Около него постоянно увивались два малолетних племянника, Витька и Мишка. Для них он стал настоящим авторитетом, особенно после того, как взорвал на речке пару бутылок, набитых карбидом.
Однажды он устроил соревнование для пацанов. Поставил их перед входом в большие крытые сени с земляным полом и скомандовал бежать в противоположные стороны вокруг дома. Наградой тому, кто окажется на месте старта первым, должен был стать выструганный из доски меч, занявший второе место получал выпиленный из фанеры пистолет. Ребята рванули, а Сергей сел на продавленную пружинную кровать, где в свое время ночевали его родители, и закурил.
Он чуть не подавился непогашенной сигаретой, когда неожиданно из-за угла выскочил маленький Мишка, а на встречу ему, справа, вылетел на всех порах Витёк.
В тот же момент у него на глазах произошла катастрофа – мальчишки со всего маху врезались лбами, тут же разлетелись в разные стороны, отчаянно вопя и размазывая сопли по чумазым личикам. Сергей сначала громко расхохотался, по подняв одного из пострадавших увидел на его лбу огромную шишку.
Оба пацана были сыновьями дяди Вити, довольно сурового на вид мужика, который совсем недавно на глазах Сергея, зашёл в свинарник и вышел оттуда с окровавленным ножом и измазанными по колено в навозе штанами.
В тот момент он хмуро посмотрел на Сергея глазами, воспалёнными от вчерашней пьянки с братьями, и произнёс:
– Чего стоишь, зови деда («то есть его отца»), свежевать будем.
Семейство готовилось к свадьбе. Дед, тоже Сергей Иванович, выдавал замуж единственную в многочисленном потомстве младшую дочь.
А сейчас отпрыски дяди Вити валялись в пыли и выли от страха и боли.
Сергей схватил малышей в охапку и занёс за стену сеней, в надежде, что здесь их никто не увидит и не услышит. Туго соображая, как прекратить истерику, он достал отцовский нож и ловко метнул его в бревенчатую стену. Мальчишки мгновенно перестали орать и, раскрыв рты, с восторгом уставились на него.

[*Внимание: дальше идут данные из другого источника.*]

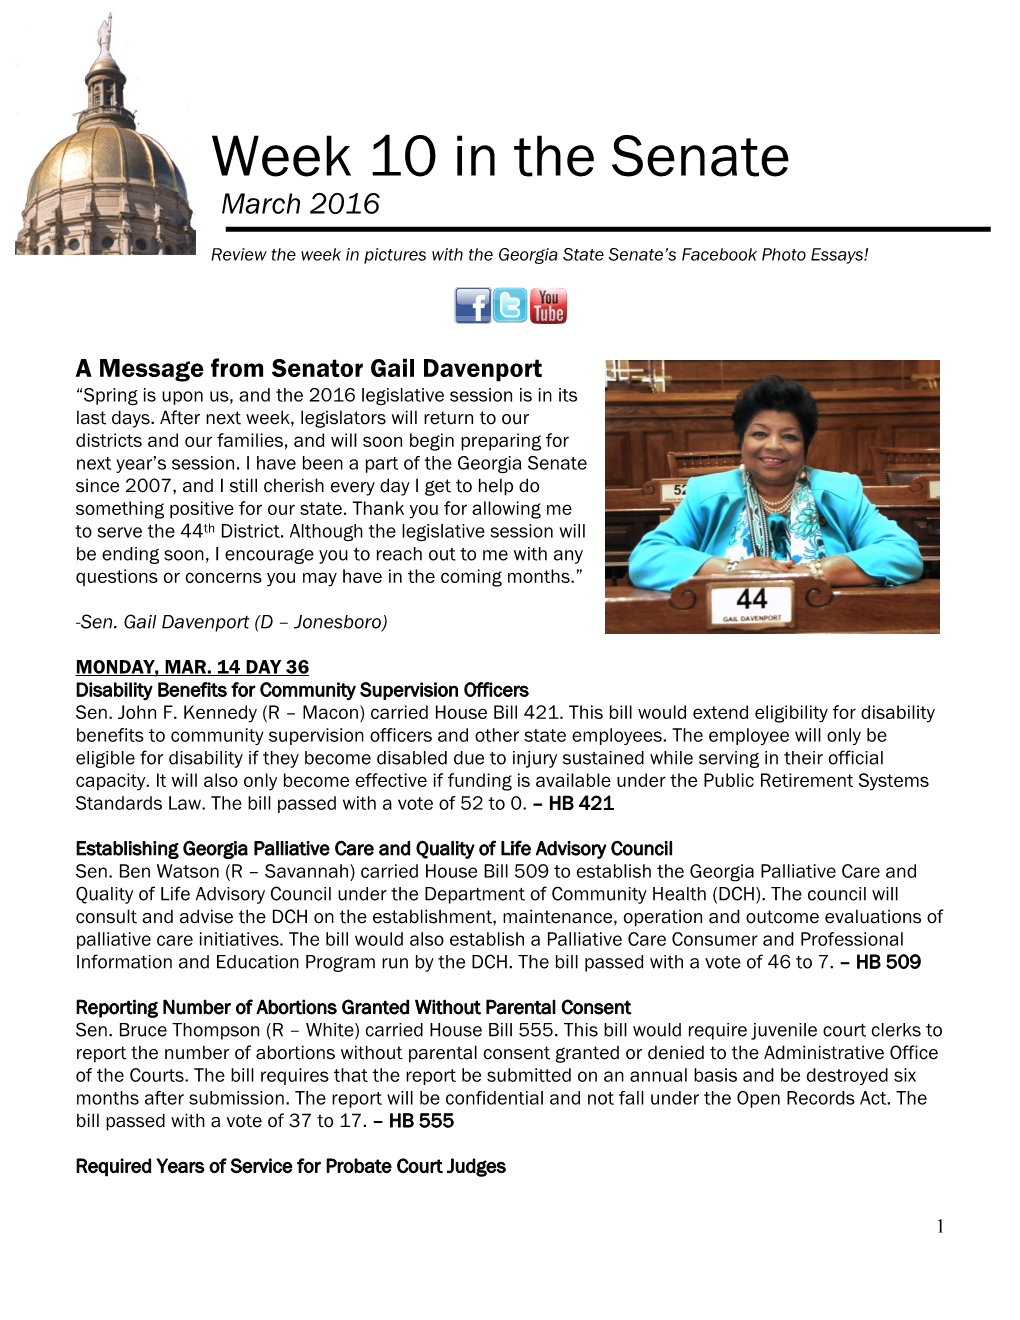 Week 10 in the Senate March 2016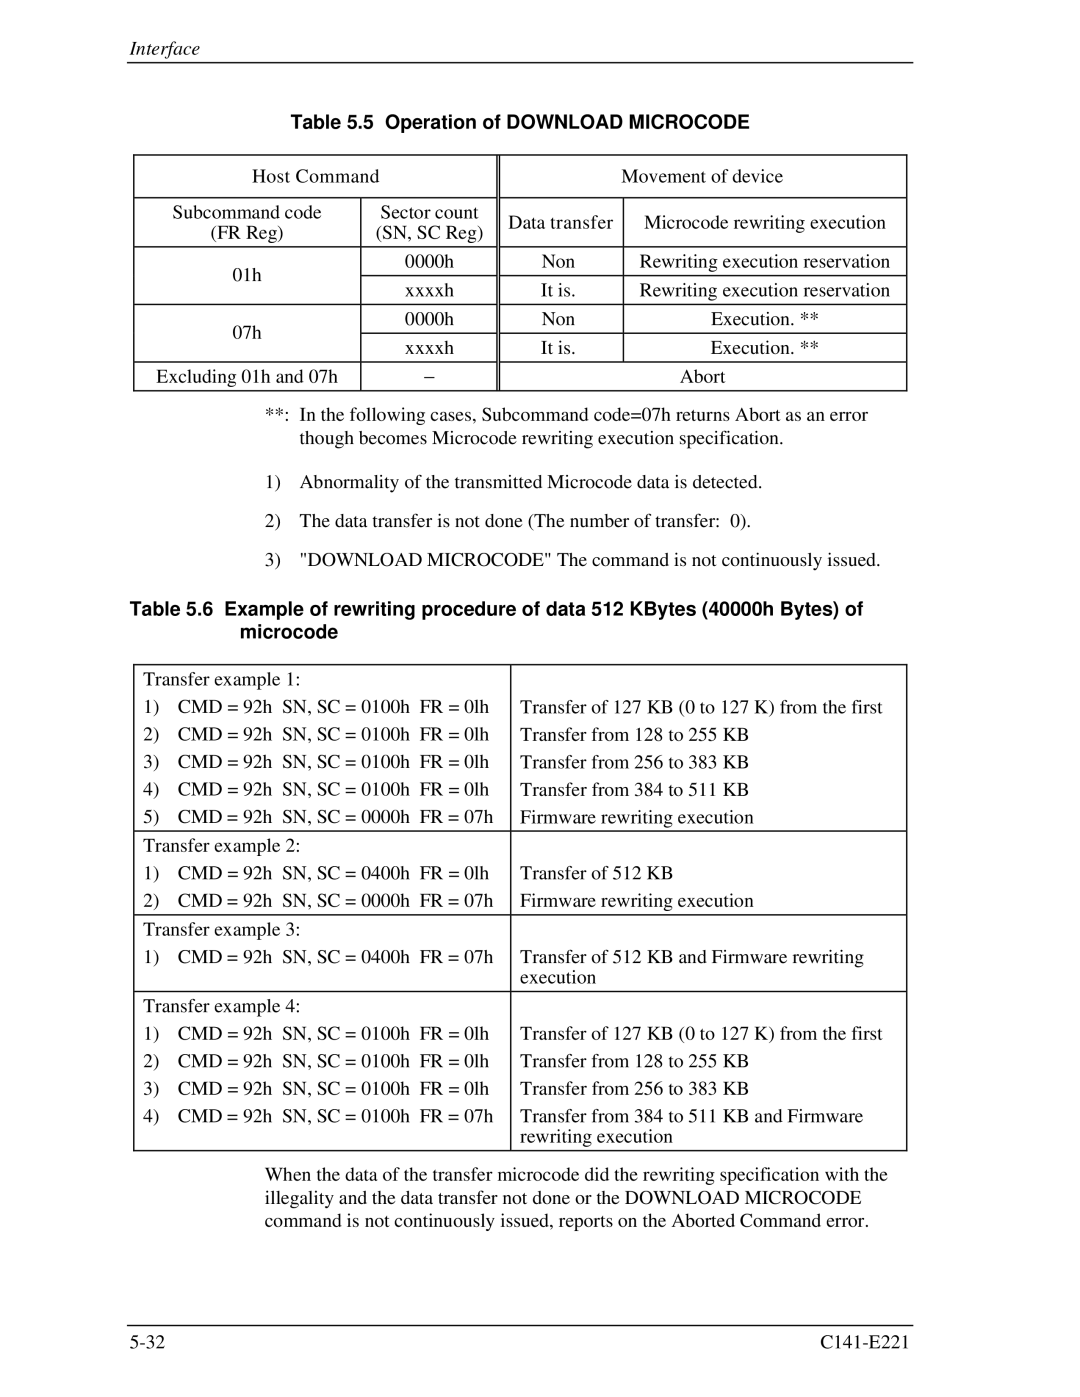 Fujitsu MHV2080AS, MHV2060AS, MHV2040AS manual Operation of Download Microcode

Обрадованный успехом, Сергей мелом нарисовал на стене мишень, отошёл на пять шагов и снова точно послал нож в цель. Ребята завопили от счастья и окончательно забыли про свои шишки. Сергей принёс из погреба две холодных банки с огурцами и заставил каждого прижать ко лбу. Через некоторое время на звук вонзающегося в дерево ножа через соседний забор к ним перелезли ещё два малыша. Сергей достал и перенёс оттуда же их совсем крошечную сестрёнку. Он успел посмотреть «Великолепную семёрку» и теперь выступал в роли легендарного Криса.
Так Сергей стал кумиром всей окрестной деревенской детворы, и это хоть как-то помогало ему избавится от навязчивых мыслей. Он снова почувствовал себя прежним, но немного мультяшным Сергеем Ивановичем.
***
Когда перед самым сентябрём Сергей вернулся в Москву, мать его опять не узнала.
Он ещё больше похудел, нос вытянулся, губы стали тоньше и бледнее. Серые глаза потемнели, спрятались глубоко в глазницах, иногда в них возникал сполох внезапно возникавшей и подавляемой усилием воли боли. Речь Сергея стала немного замедленной, иногда он начинал заикаться при сильном волнении.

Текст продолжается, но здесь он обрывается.